## What the exercise asks
Drop the pictures and repeat the remaining data exactly.

## Material provided
----------
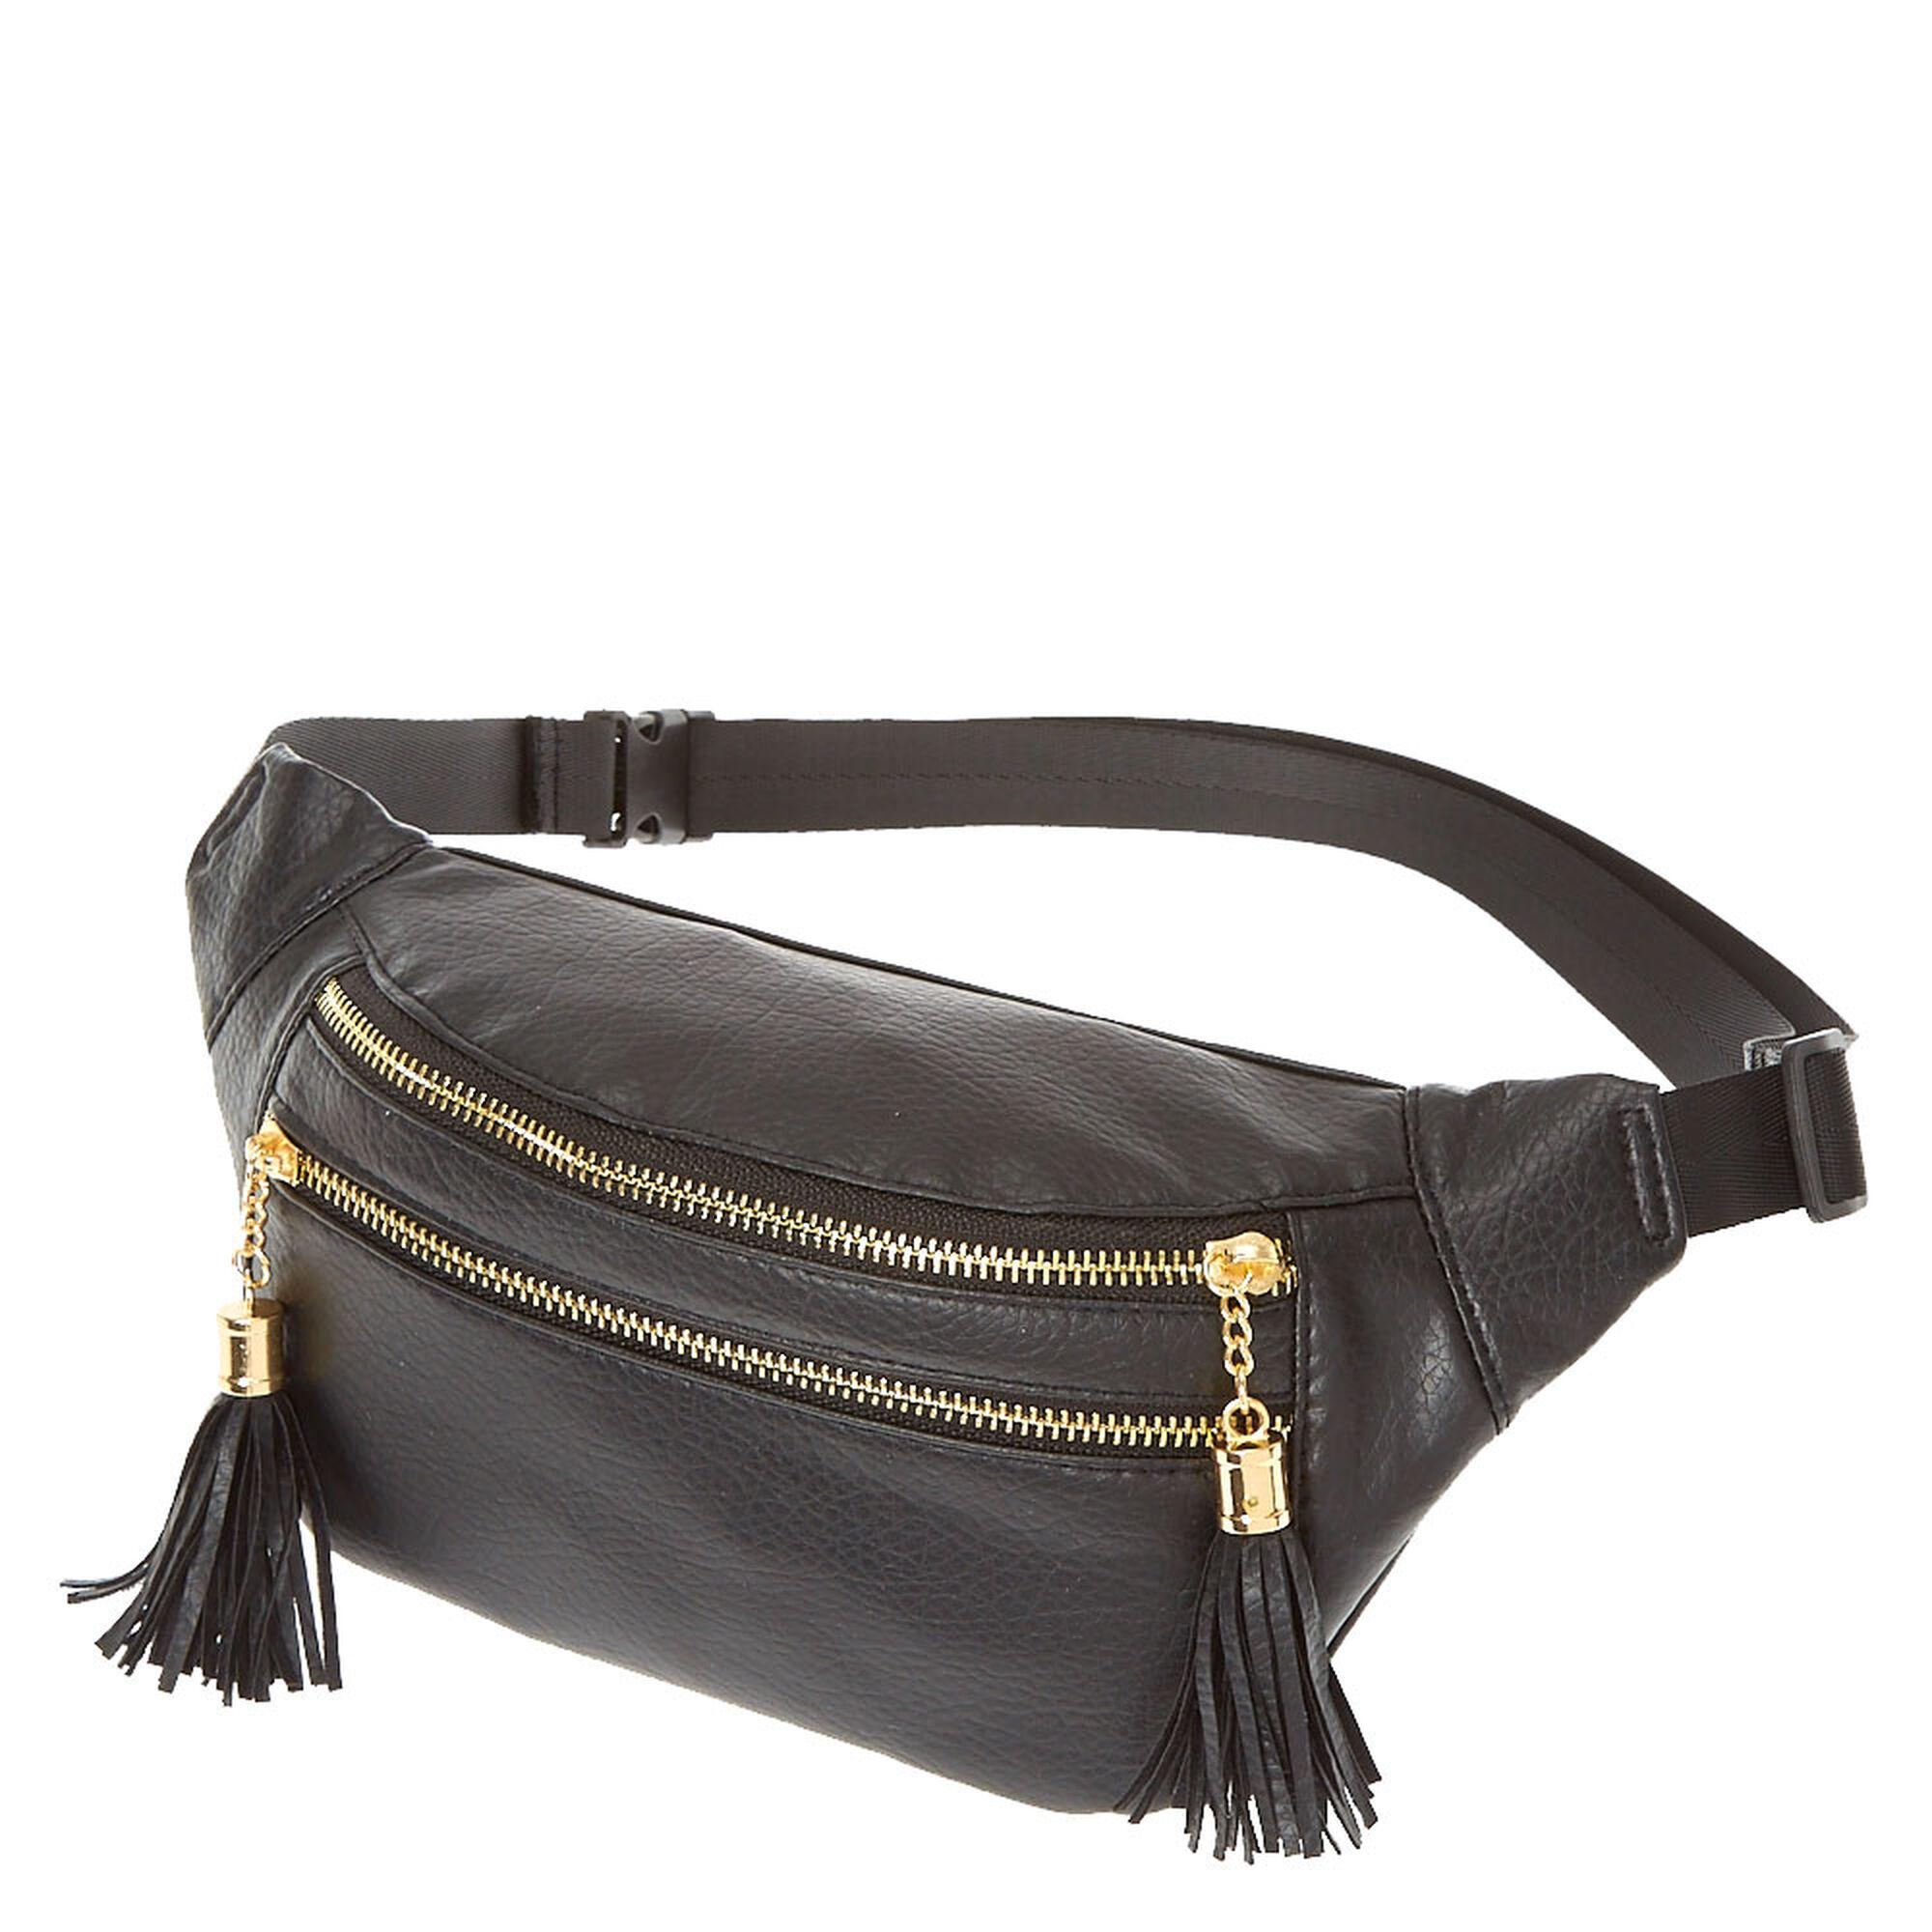 ed8f10d7205c Black Faux Leather Fanny Pack
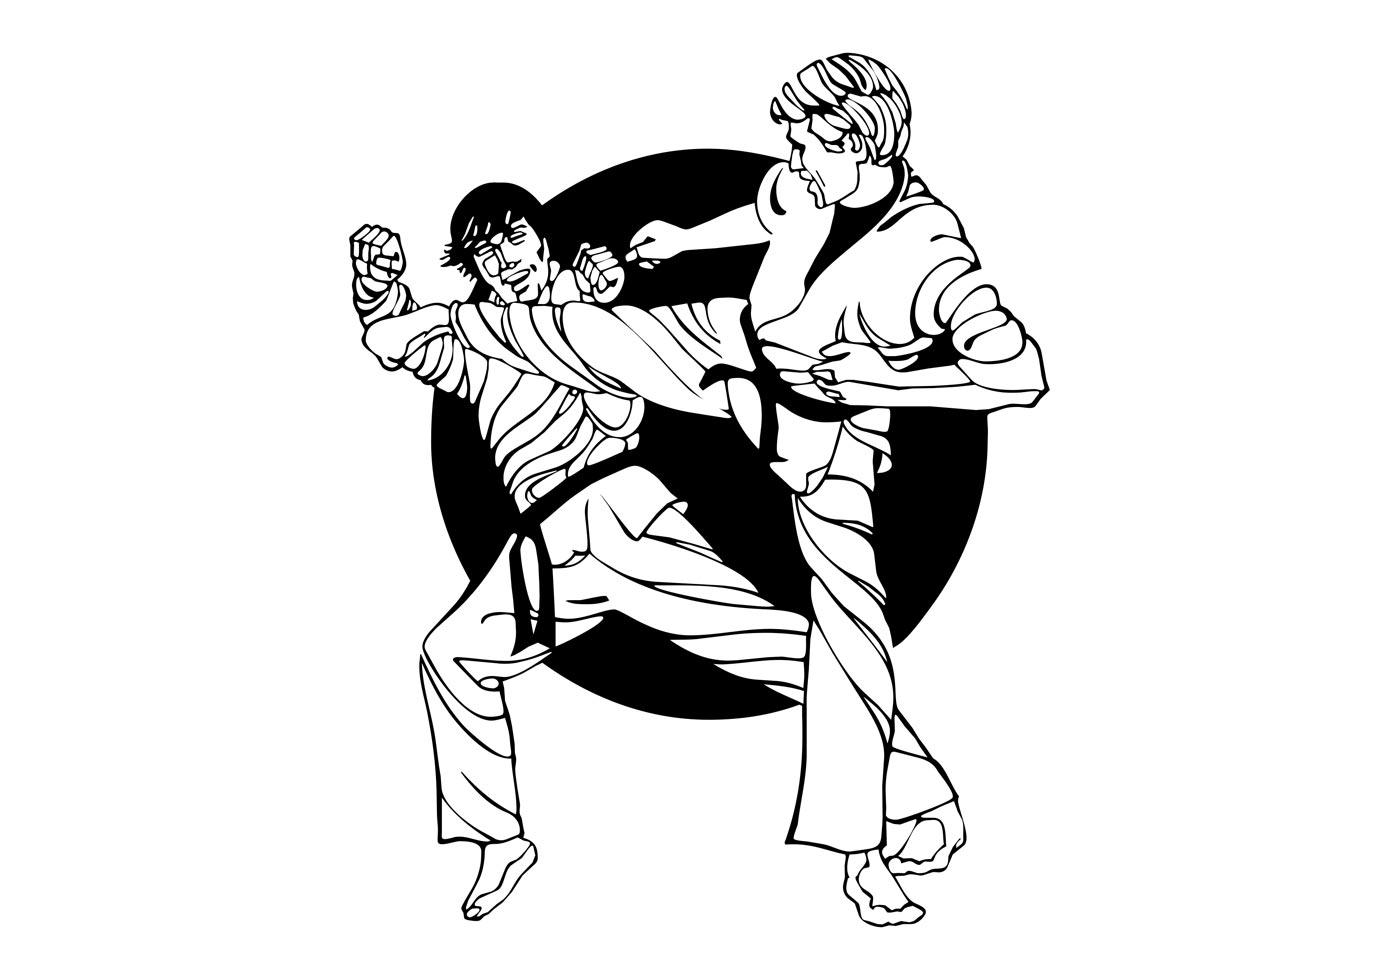 Karate Fight Graphics - Download Free Vector Art, Stock ...
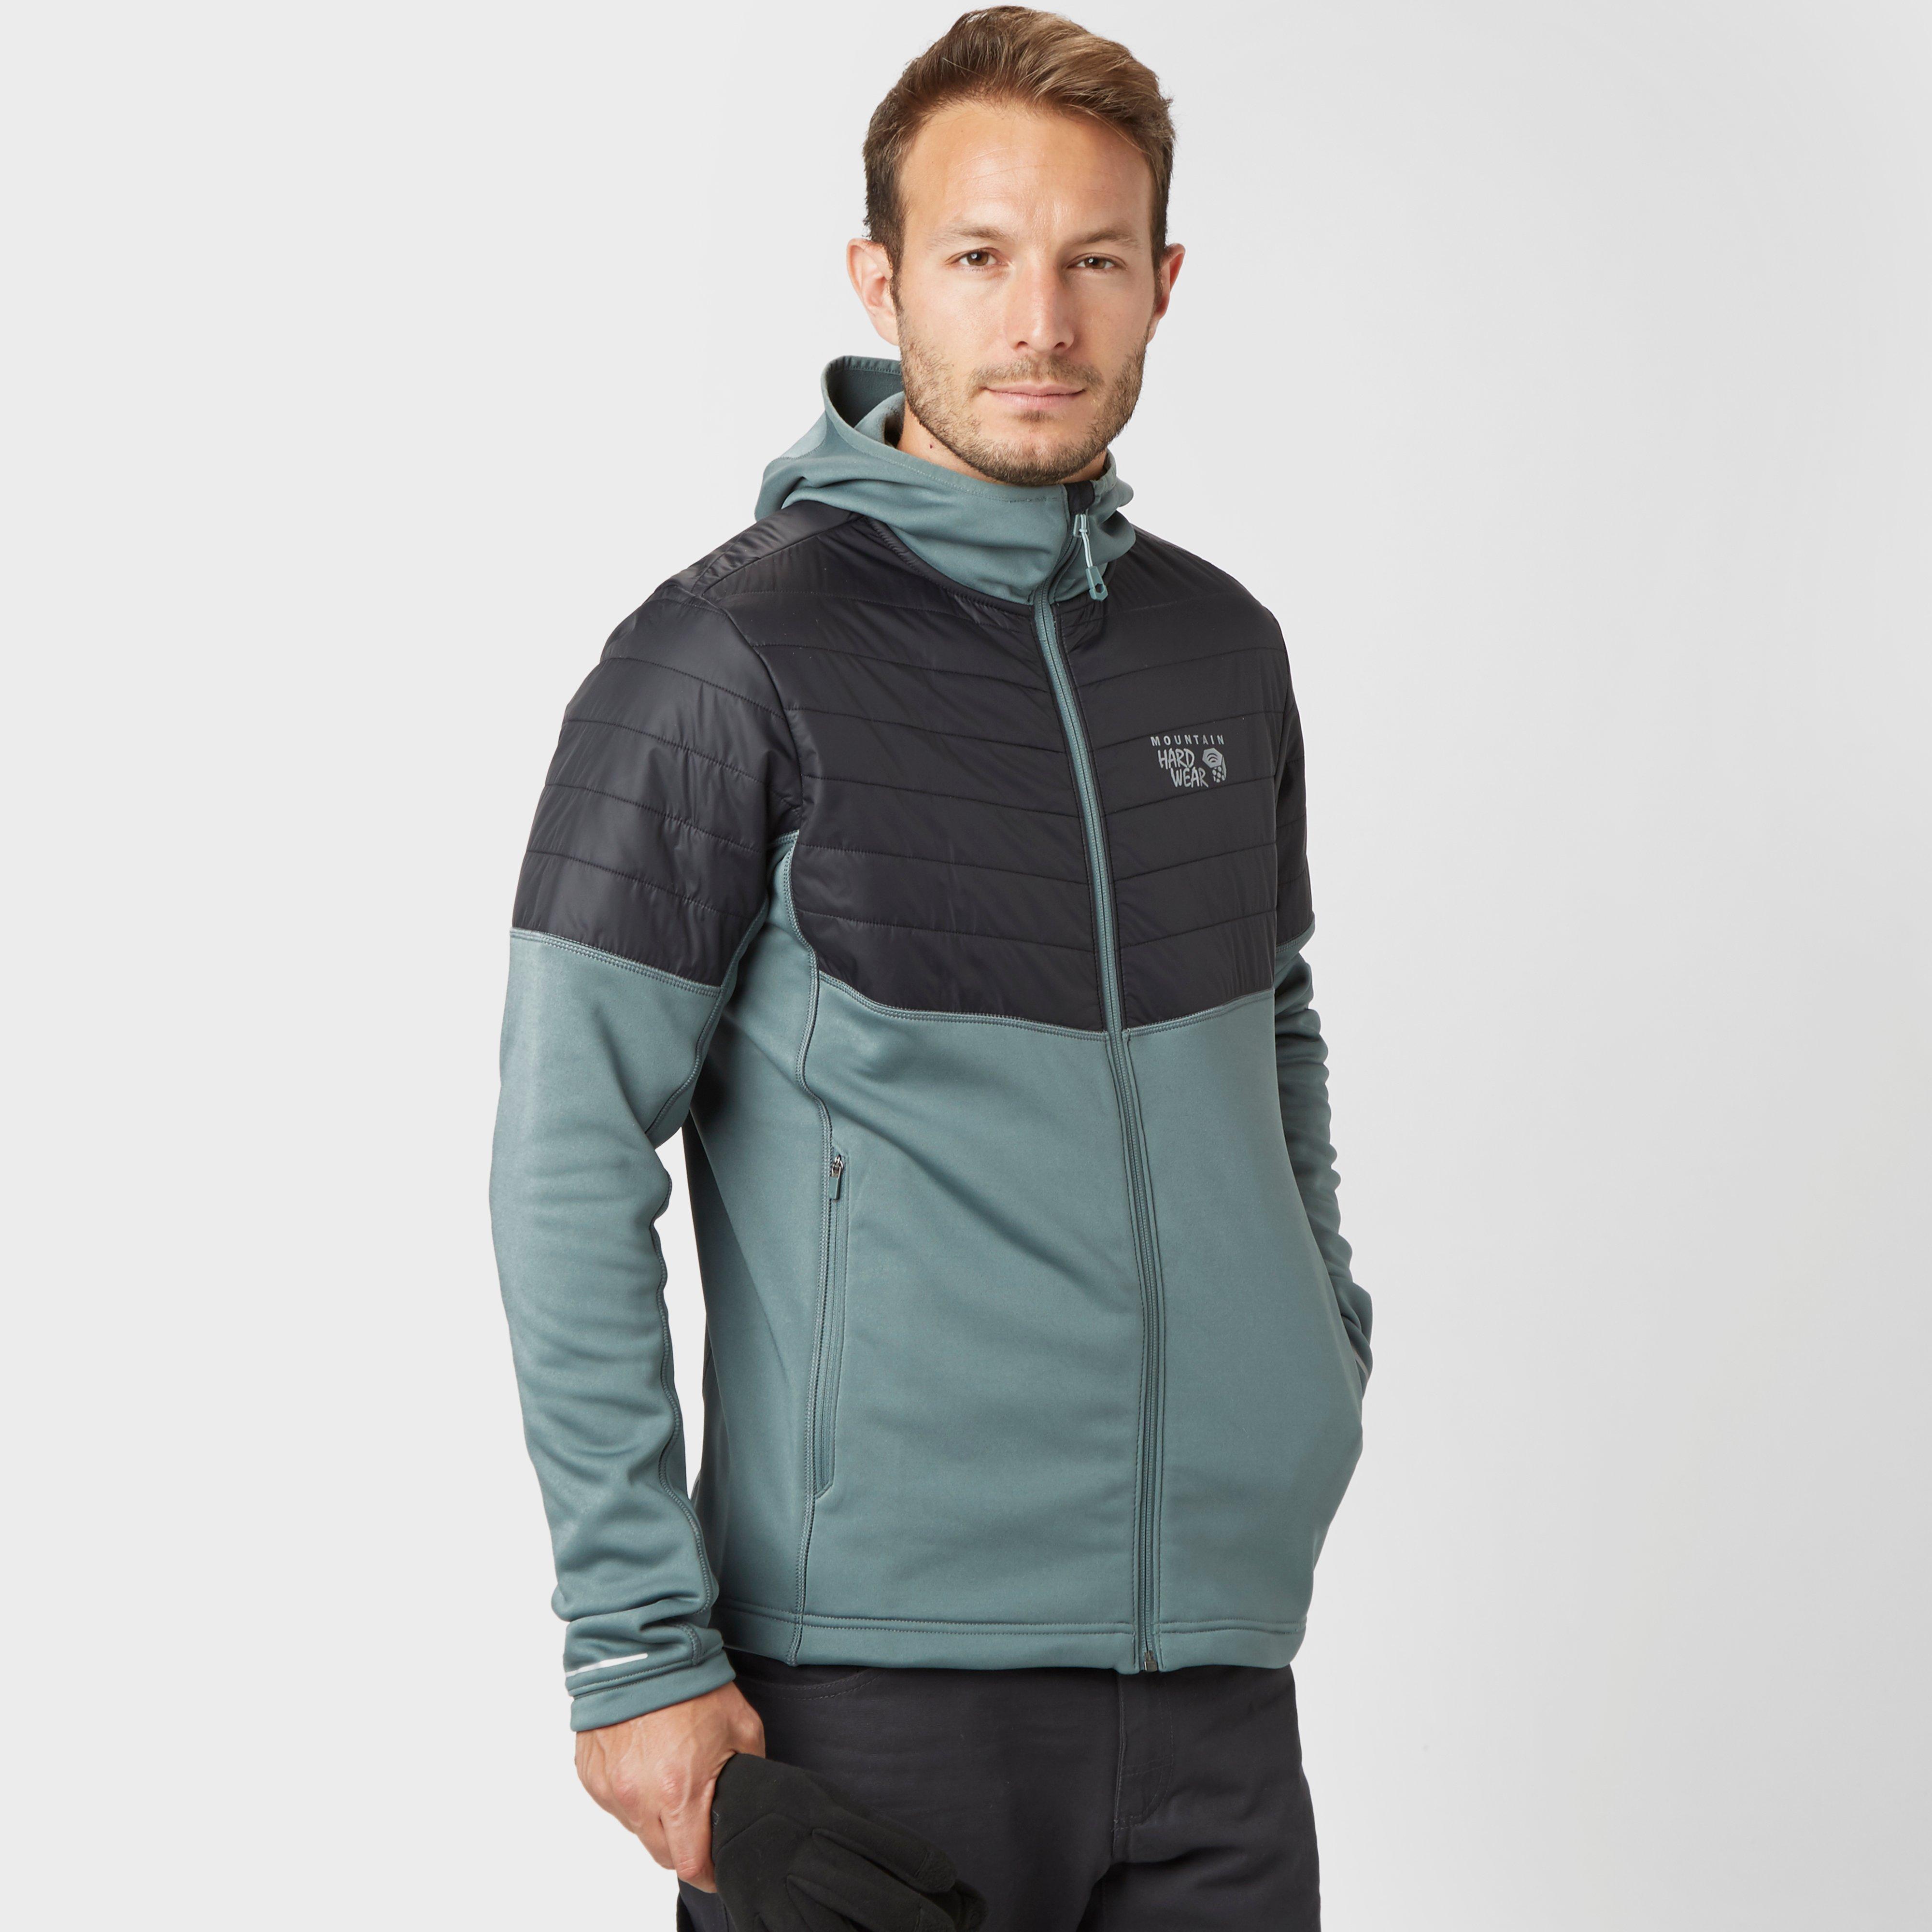 Mountain Hardwear Mens 32° Insulated Jacket Black
----------
## Solution to the exercise
 ed8f10d7205c Black Faux Leather Fanny Pack
 Karate Fight Graphics - Download Free Vector Art, Stock ...
 Mountain Hardwear Mens 32° Insulated Jacket Black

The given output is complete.